**WHAT THE TASK ASKS**. Print every line below exactly. Skip the pictures.

**SUPPLIED MATERIAL**.
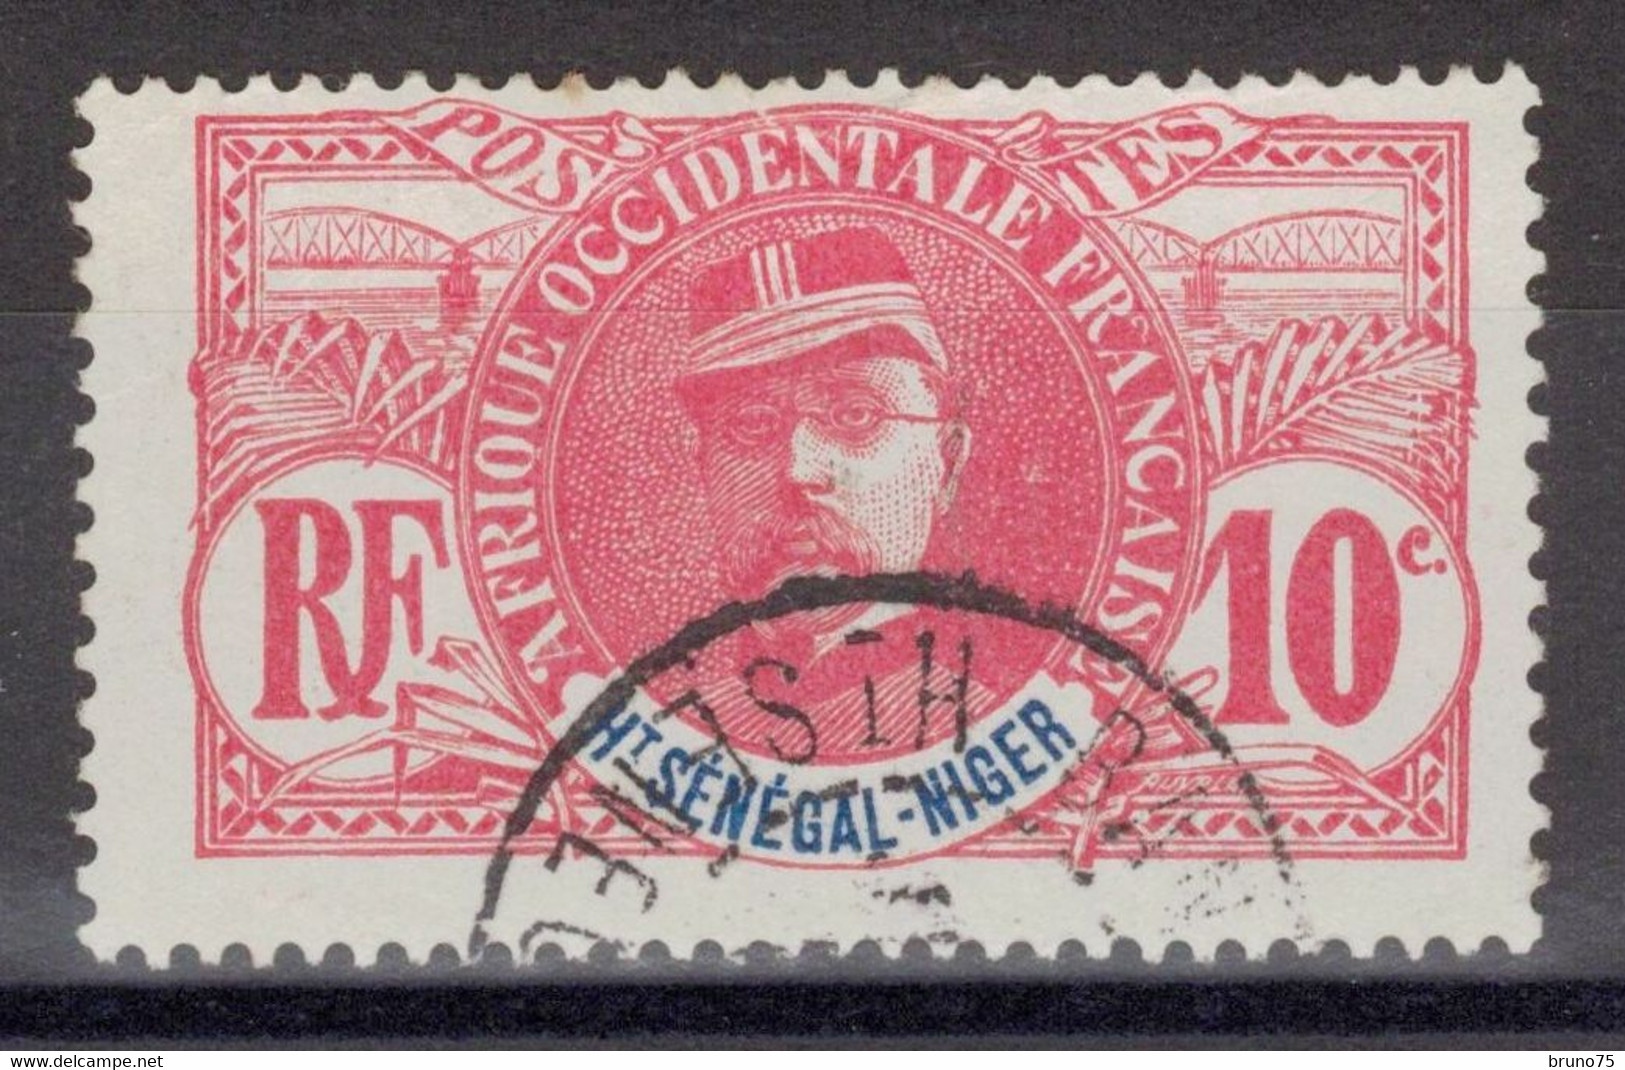 Haut-Sénégal Et Niger - YT 5 Oblitéré - 1906 - Usati
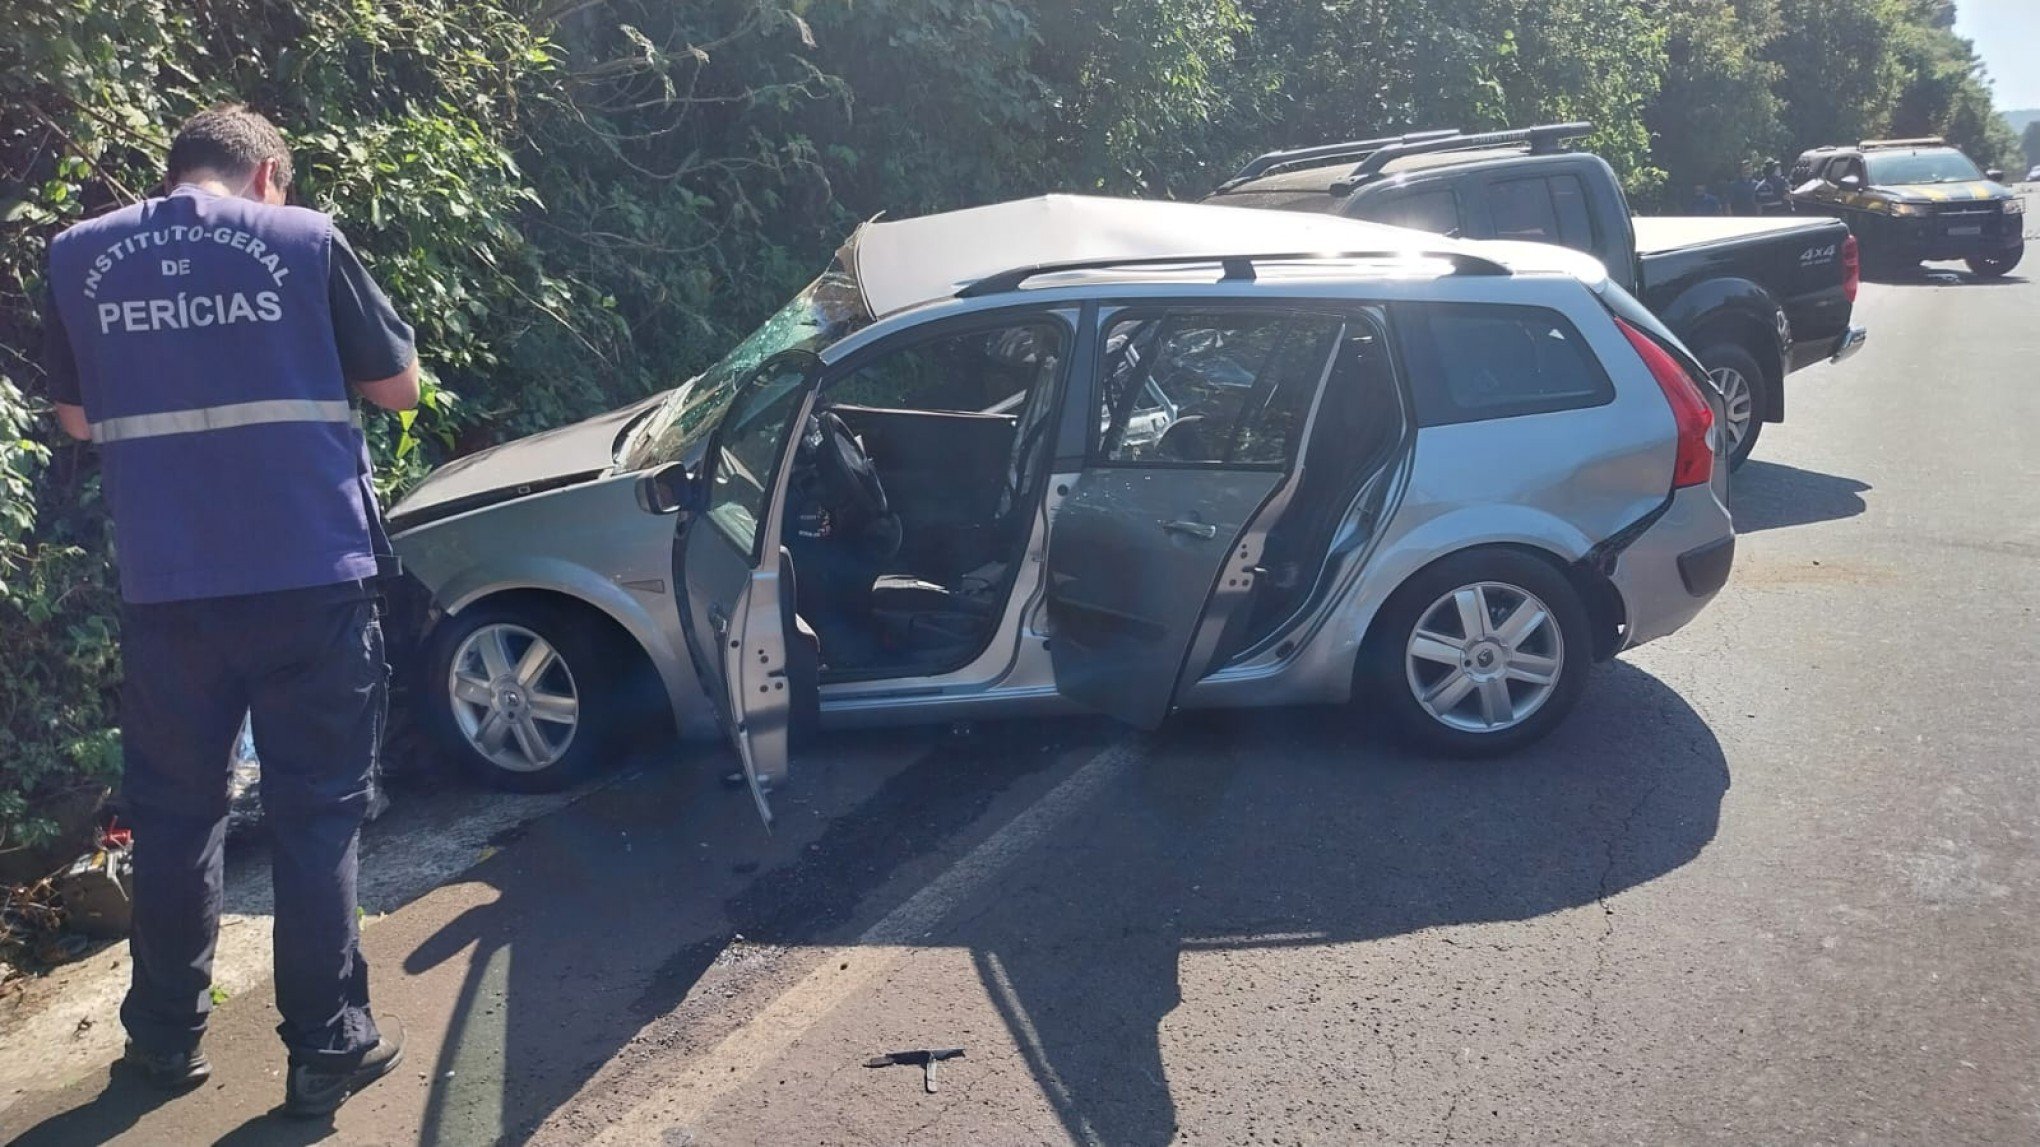 ACIDENTE DE TRÂNSITO: Condutor de veículo envolvido em acidente no trecho da morte segue hospitalizado em Novo Hamburgo
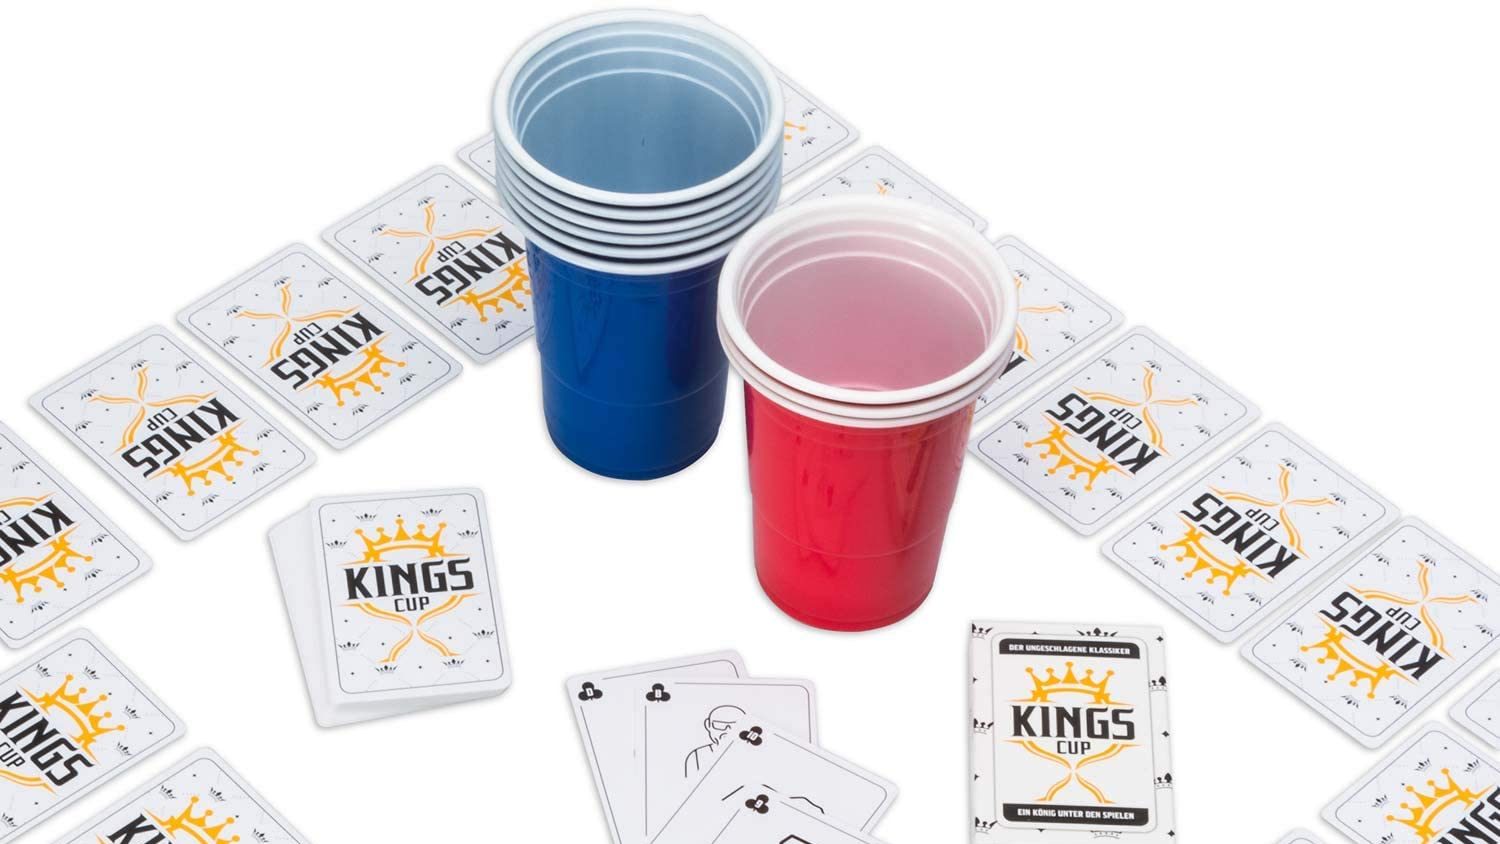 Kings cup regeln aufstellen

**RESULT OF THIS TASK**.
 Haut-Sénégal Et Niger - YT 5 Oblitéré - 1906 - Usati
 ACIDENTE DE TRÂNSITO: Condutor de veículo envolvido em acidente no trecho da morte segue hospitalizado em Novo Hamburgo
 Kings cup regeln aufstellen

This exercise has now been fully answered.